Wenn ich Fenstergeräusche höre, wird das nie so Klasse. Meist romantisch.

Liebe Grüße Ute


Ahoi Ute,
du schaffst es aber auch wirklich, jemanden in Verlegenheit zu bringen.. :-) Danke für das Kompliment. Neee, nicht beneidenswert, einfach aufschreiben, was einem gerade in den Sinn kommt. :-) Und wenn's dann romantisch wird, ist es eben eines: echt und authentisch. Und so ist das gut. Eben ganz du selbst. :-)
Liebe Grüße
Micha
Vor langer Zeit - Antworten
UteSchuster Interessant geschrieben - ich hatte es sogar schon gelesen, war aber irgendwie abgelenkt worden und somit vergessen zu schreiben. Sorry.

Wunderbares Wortspiel, das ich so nicht kann, beneidenswert.

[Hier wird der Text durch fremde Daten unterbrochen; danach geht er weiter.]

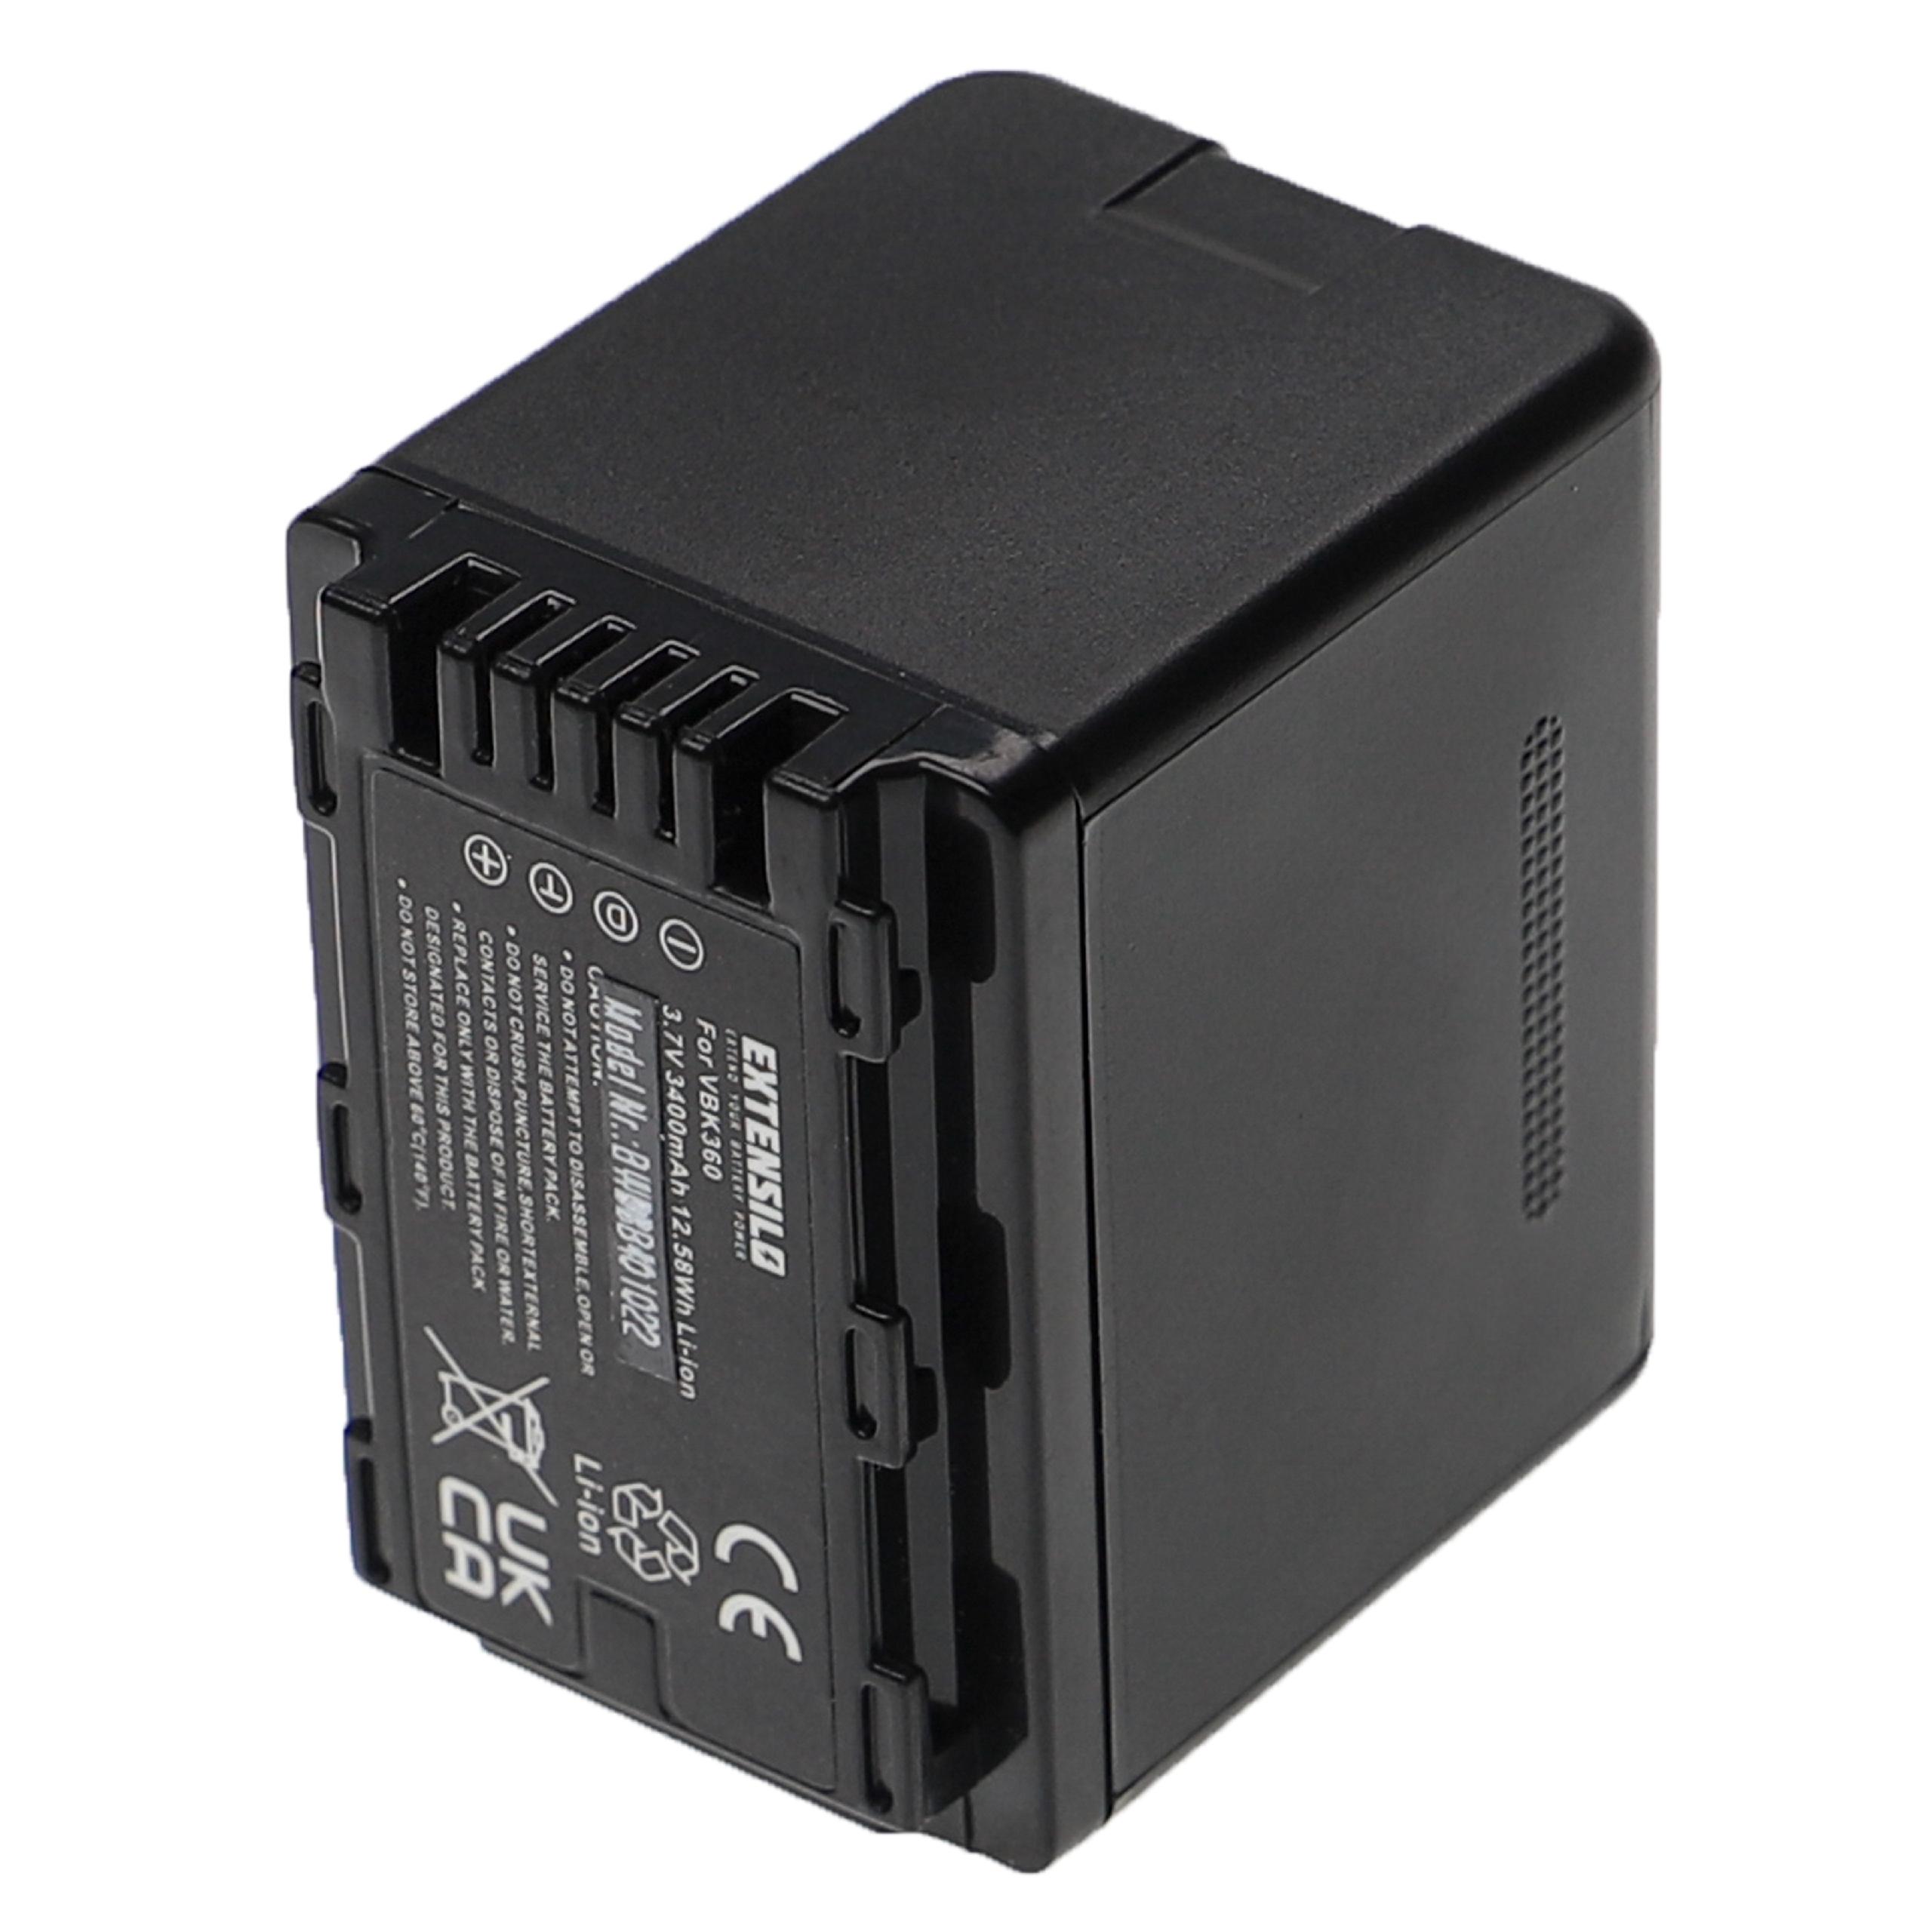 Battery Replacement for Panasonic VW-VBK360 - 3400mAh, 3.7V, Li-Ion

Wenn ich Fenstergeräusche höre, wird das nie so Klasse. Meist romantisch.

Liebe Grüße Ute
Vor langer Zeit - Antworten
MikDenter Re: Ly -
Zitat: (Original von Luzifer am 28.03.2010 - 12:23 Uhr) hatte Recht. Die Sprache ist sehr gut gewählt. Mit manchen Abenden kann ich nichts anfangen, da ich nicht an die Masse glaube und schon gar nicht an die Kirche oder die Verfassung, jedoch so Momente, wie den einzigen Augenbilck oder auch der/die Spaziergängerin, sagen viel darüber aus, was einen beschäftigt. Leider kann ich an meinem Fenster nur den Himmel sehen, doch eben dieser ist es, der die Augenblicke nicht minder schenkt. Ich werde wohl mehrmals in die Werke einen Blick reinwerfen. Es lohnt sich.
Die erste Geschichte wird es dann als nächstes sein. Da die Wolllust nicht zu meinen liebsten Hauptsünden zählt, habe ich erstmal nur auf die Länge geschaut. In einer ruhigen Minute wird sie aber auch dem Geiste einverleibt.

Werten Gruß,
Luzifer


Hallo!
Vielen Dank für deine Würdigung. Das freut mich natürlich sehr, eine so differenzierte Kritik zu lesen. Meinen Dank dafür. :-) So Fensterplätze sind einfach sagenhaft, unabhängig davon, ob man nun in den Himmel schauen kann oder auf das Treiben. Von daher kann ich dem nur beipflichten, dass der Blick in den Himmel, durchaus sehr vielsagend sein kann.
Das stimmt, die sündige Literatur ist nicht jedermanns/fraus Sache. Muss man einfach mögen. Aber ich freue mich auch hier auf die Meinung.
So, aber jetzt werde ich erstmal in deine Werke reinschmökern. :-)

Viele Grüße
mik
Vor langer Zeit - Antworten
Luzifer Ly - hatte Recht. Die Sprache ist sehr gut gewählt. Mit manchen Abenden kann ich nichts anfangen, da ich nicht an die Masse glaube und schon gar nicht an die Kirche oder die Verfassung, jedoch so Momente, wie den einzigen Augenbilck oder auch der/die Spaziergängerin, sagen viel darüber aus, was einen beschäftigt. Leider kann ich an meinem Fenster nur den Himmel sehen, doch eben dieser ist es, der die Augenblicke nicht minder schenkt. Ich werde wohl mehrmals in die Werke einen Blick reinwerfen. Es lohnt sich.
Die erste Geschichte wird es dann als nächstes sein. Da die Wolllust nicht zu meinen liebsten Hauptsünden zählt, habe ich erstmal nur auf die Länge geschaut. In einer ruhigen Minute wird sie aber auch dem Geiste einverleibt.

Werten Gruß,
Luzifer
Vor langer Zeit - Antworten
MikDenter Re: -
Zitat: (Original von hanni86 am 27.03.2010 - 18:13 Uhr) Liest sich ein bisschen als wärst du ein fin de siecle-Dandy in einem wohlhabenden Teil von London, der seine Gedanken aufschreibt bevor er in seinen Gentleman's Club geht um sie am nächsten Tag wieder aufgreifen zu können.
Das gefällt mir irgendwie. Dorian Grey würd sicherlich gern mit dir plaudern...

Liebte Grüße,
hanni


Oh.. werden meine Londoner Sehnsüchte so arg spürbar? ;-) Also gegen einen Plausch mit Dorian Grey hätte ich nichts einzuwenden; in der Tat eine Begegnung der dritten Art. ;-) Aber ich freue mich sehr, wenn es dir gefällt.